“What?” she asked absent-mindedly as she leafed through her mail.
I kept my eyes averted from hers (I’m an awful corpser!). “I’ve got involved with something that’s probably quite unhealthy,” I said falteringly.
I now had her full attention. “What do you mean?” she asked. I could sense tension, glimpse a growing apprehension behind her eyes.
“Since starting work down in the cellar ... I’ve become addicted to The Archers” I ‘fessed up.
I then received a friendly clip round the ear!
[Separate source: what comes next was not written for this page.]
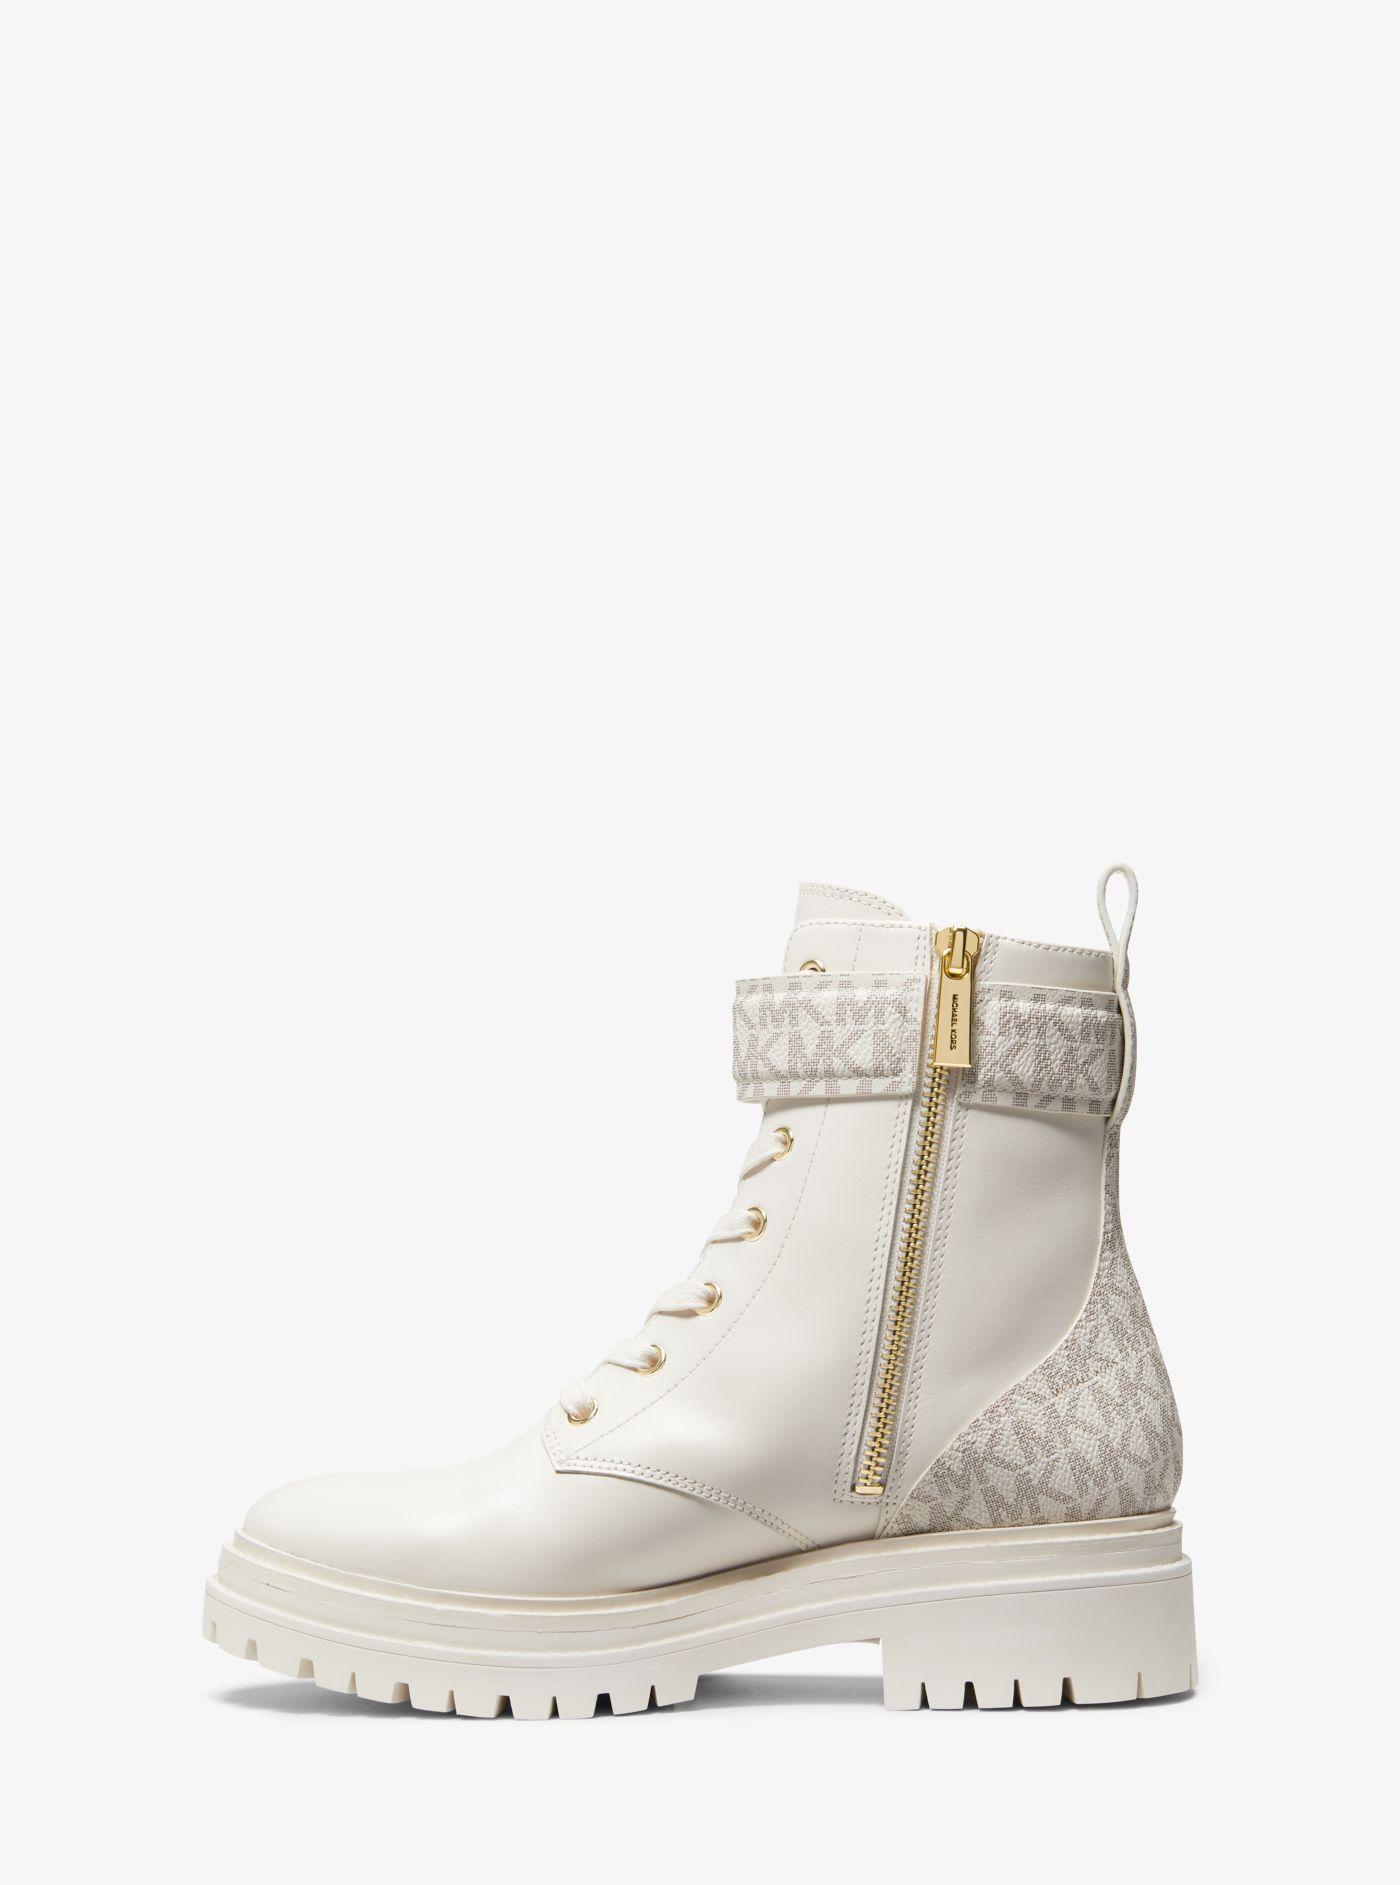 Michael Kors Parker Leather Combat Boot in White | Lyst

The Archers (in case you didn’t know) is a long running UK radio soap (the longest running soap-opera in the world I believe!) about a farming community who live in an imaginary English village called Ambridge. It’s not really known for particularly sensationalist storylines. Like all soaps it does occasionally try to hook in new listeners and possibly excite its older ones with the odd minor crime or sexual indiscretion, but mostly the show just plods along with storylines about agricultural quotas, new milking equipment, proposed bypasses that threaten to destroy village life as we know it (or hear it at least), and perhaps the odd storyline designed to really get the pulse racing e.g. the stress of having a new kitchen installed. Phew! Spicey stuff, huh? The thing that probably makes The Archers slightly different to the TV soaps is the demographic of its audience; it is a soap about mostly middle-class characters that is most probably appreciated by largely middle-class listeners.
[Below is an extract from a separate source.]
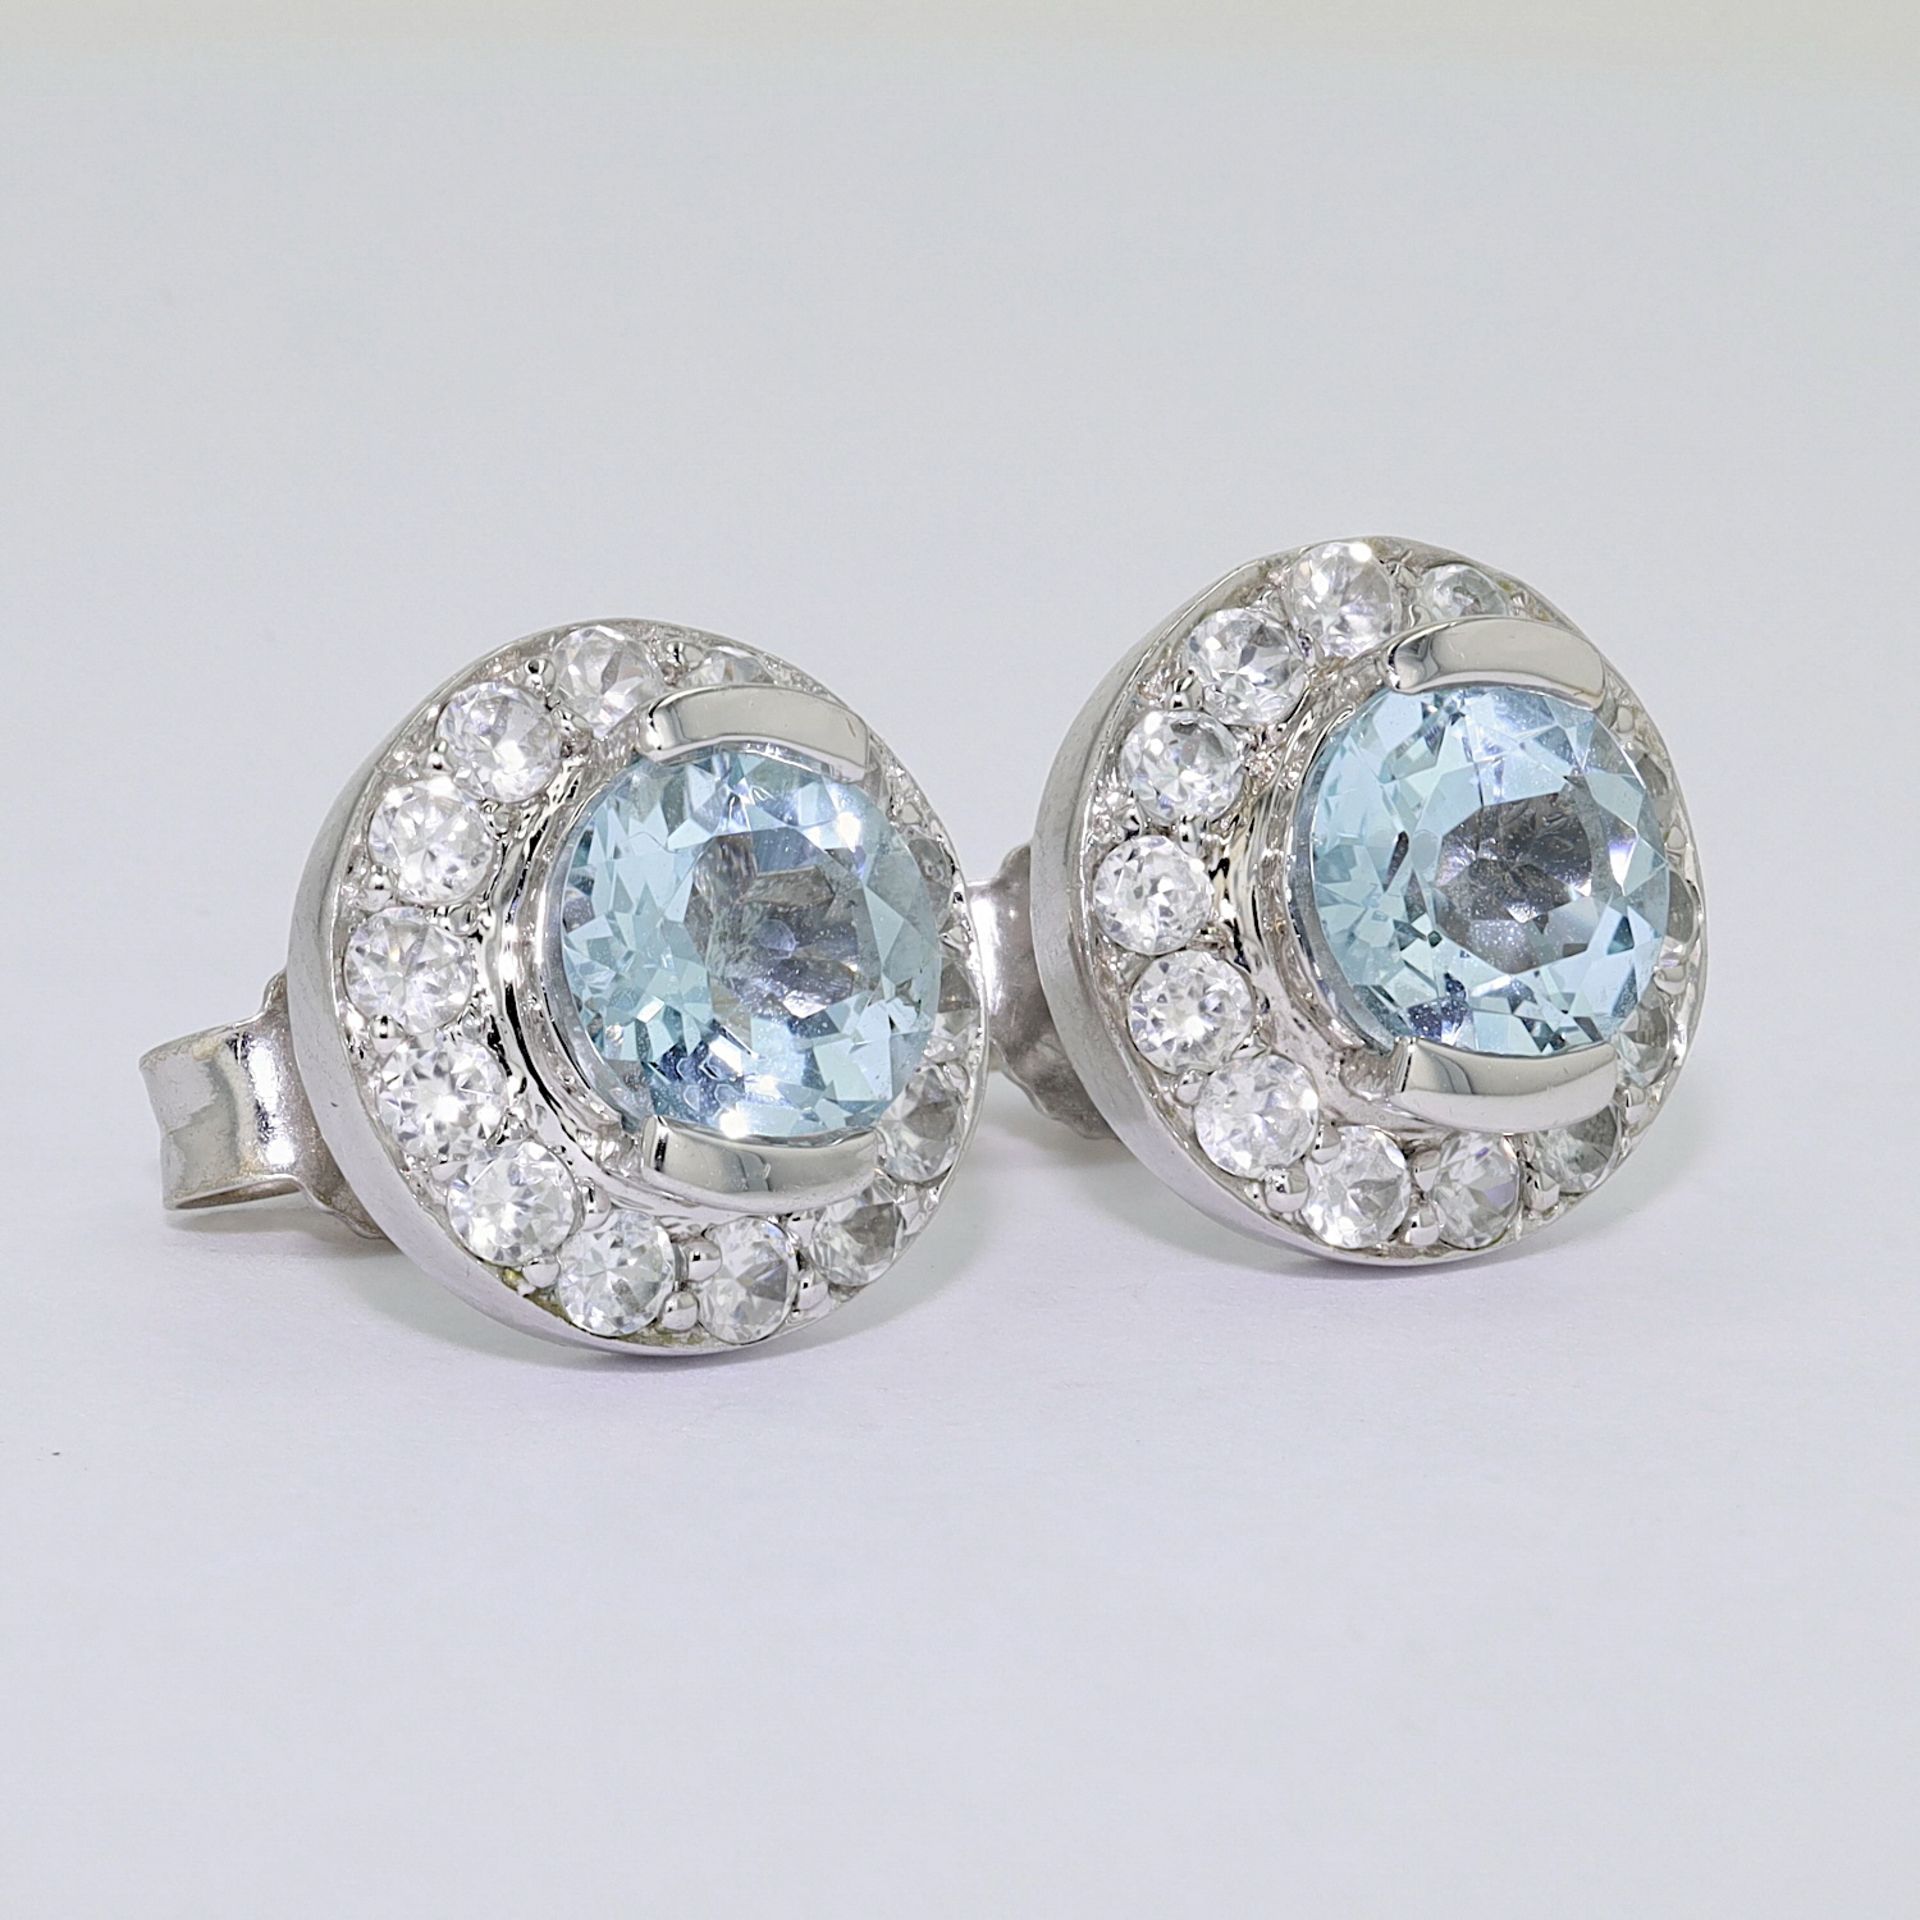 1 pair of stud earrings with topazes and zirconia - Image 3 of 4

I was only joking about becoming ‘hooked’ - although I do admit to having listened on a daily basis for several weeks now whilst repointing my cellar walls. However, I’ve been listening in from time to time ever since I was a small boy and at least bear no outward signs of damage! The characters have remained vaguely familiar to me over the years by making an occasional excursion into Ambridge country from time to time - although I admit to having massive gaps in my knowledge. For instance, whatever happened to Sid Perks? ... where has Brenda Tucker gone? etc. At the moment there’s an illicit romance going on between Roy Tucker (married to Hayley) and the recently-widowed Lizzie Pargeter - the seeds of their passion were sown whilst doing some research under canvas at a recent music festival - this is about as hot and sticky as it ever gets for a resident of Ambridge. Radio 4 listeners must be glued to their radios in open-mouthed awe at the sheer sauciness of this storyline. I recall with some trepidation a few months, about a decade back, when Judith and I came near to full-on Archers’ addiction. This was at a time when agricultural businessman Brian Aldridge (married to Jennifer) started looking at Gaelic-Minx Siobhan’s portfolio of assets a little too closely. I seem to recall he was setting up a business in Hungary and Siobhan, a linguist, was acting as a translator for him. I think she taught him a few things he didn’t previously know, nudge, nudge, wink, wink, know what I mean?
Anyway, Judith was horrified that I’d been listening to The Archers and I am now thoroughly sworn off again! There’s no problem, I really can handle it ... but, well ... if only I could find out how Hayley’s going to learn about Roy and Lizzie’s peccadillo ... will Jennifer manage to convince Brian to let her have the hideously outdated shell-motif tiles removed from their guest bathroom, especially after all the recent upheaval and expense of their newly installed designer kitchen ... is Peggy Wooley suffering from loneliness or is she actually going quite, quite, doolali ... is Home Farm, long-inhabited by generations of Archers, about to be destroyed by the newly proposed road?